▶ [REQUIREMENT]: Everything in the listing that follows should be reproduced exactly except the pictures.

▶ [INFORMATION SHOWN]:

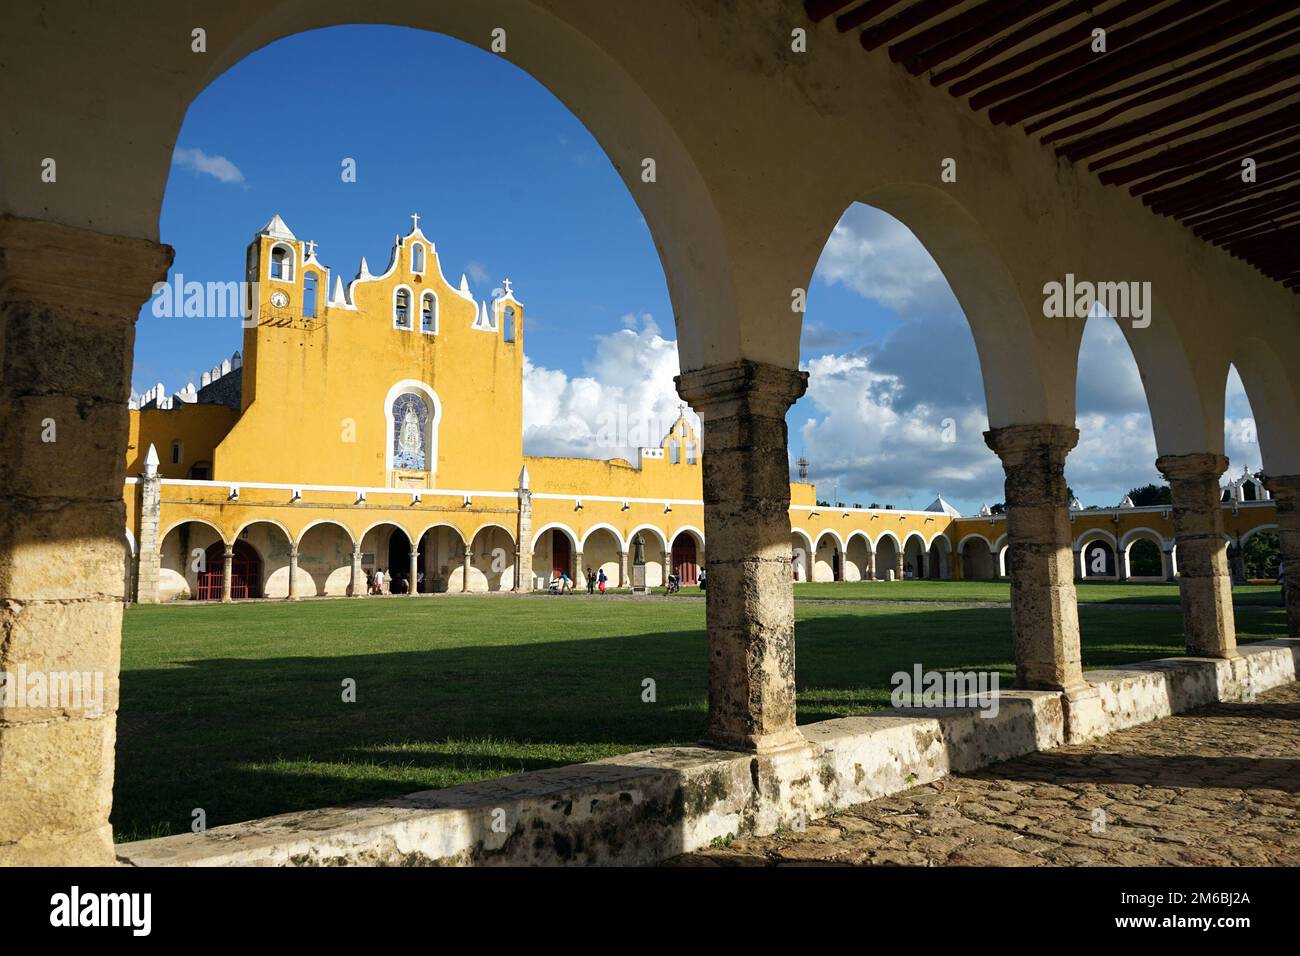 Das Kloster des Heiligen Antonius von Padua in der gelben Stadt Izamal. Izamal ist bekannt für seine hellgelben Gebäude, Yucatan, Mexiko. Stockfoto
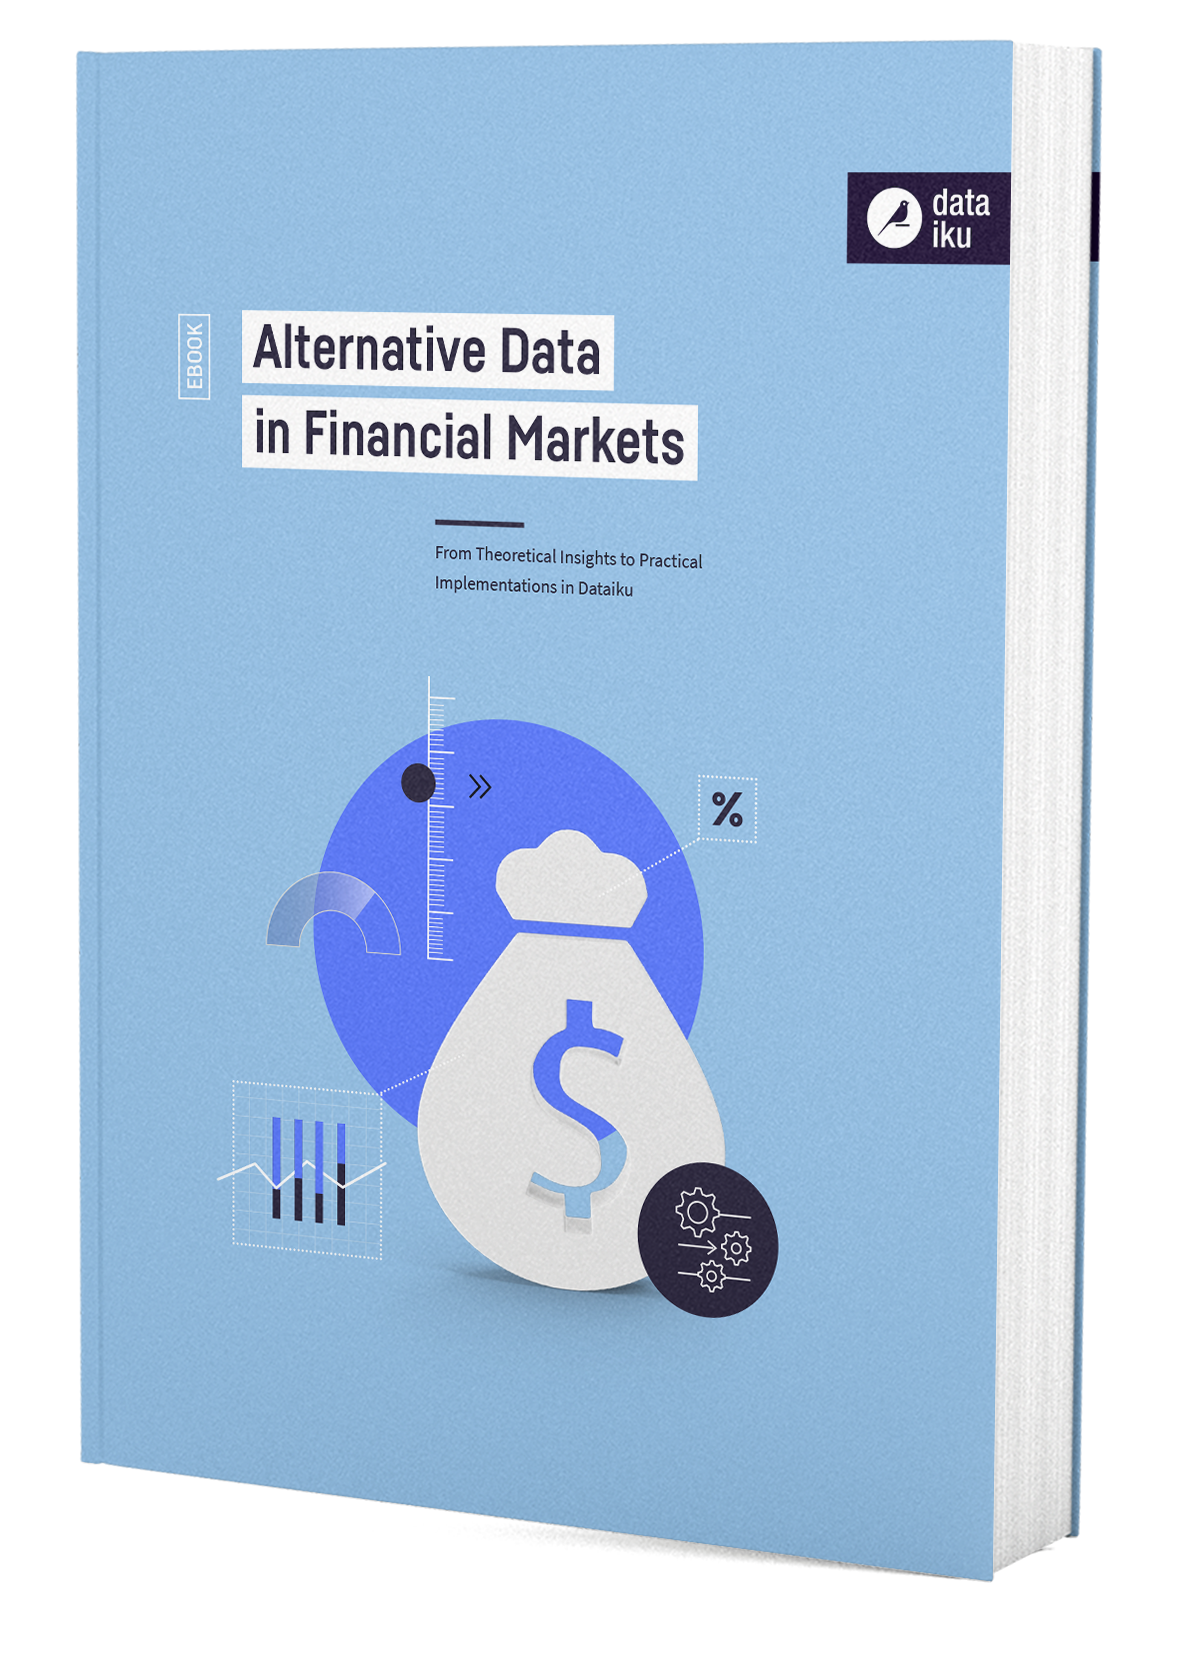 DTKU_Alternative-Data-In-Financial-Market_Ebook_WEB
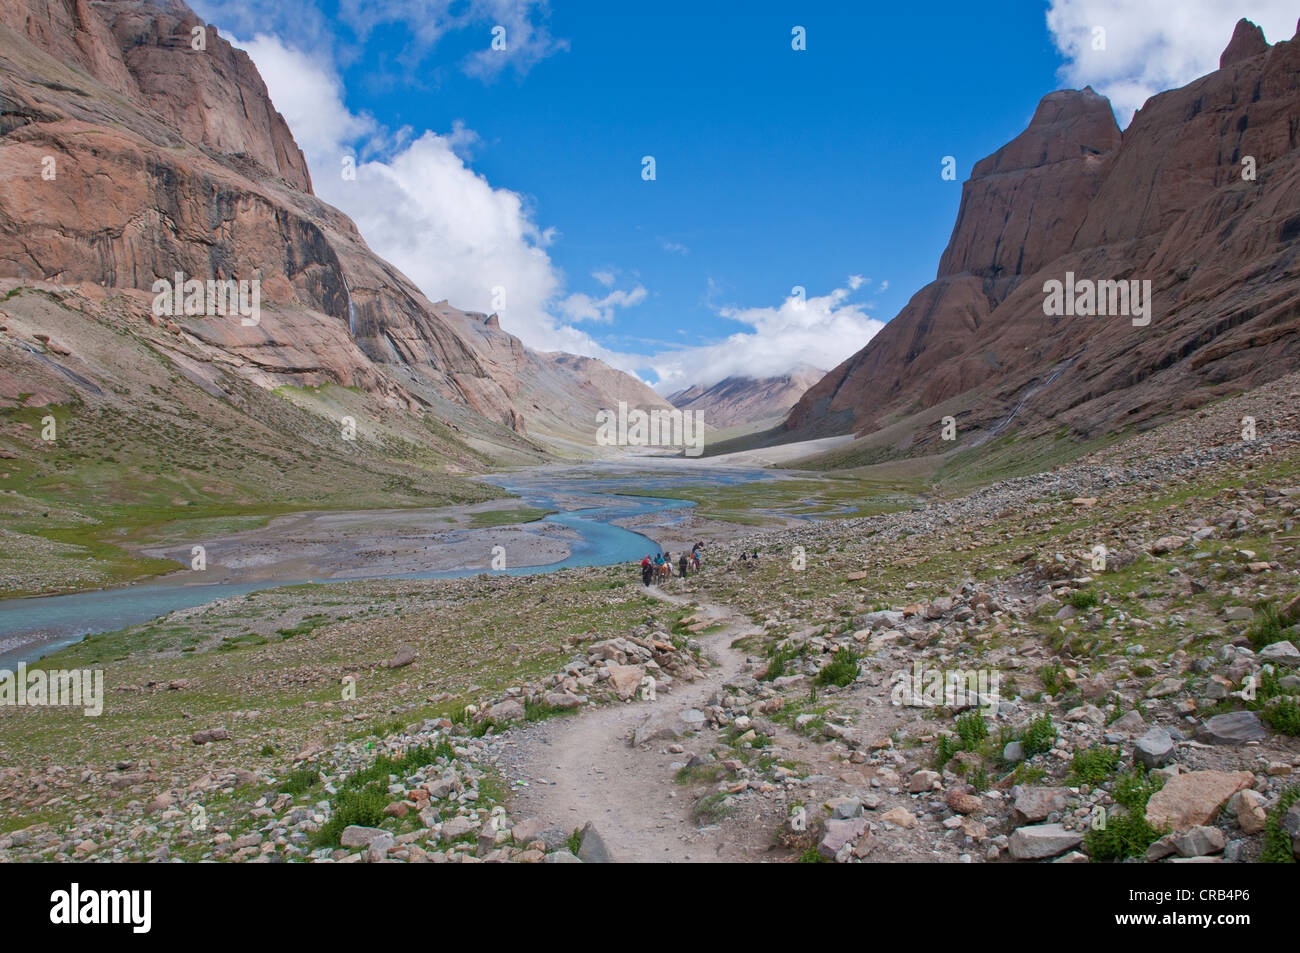 Kailash Kora camino de peregrinación, en el oeste de Tíbet, Tíbet, Asia Foto de stock

▶ [TASK RESULT]:
 Das Kloster des Heiligen Antonius von Padua in der gelben Stadt Izamal. Izamal ist bekannt für seine hellgelben Gebäude, Yucatan, Mexiko. Stockfoto
 DTKU_Alternative-Data-In-Financial-Market_Ebook_WEB
 Kailash Kora camino de peregrinación, en el oeste de Tíbet, Tíbet, Asia Foto de stock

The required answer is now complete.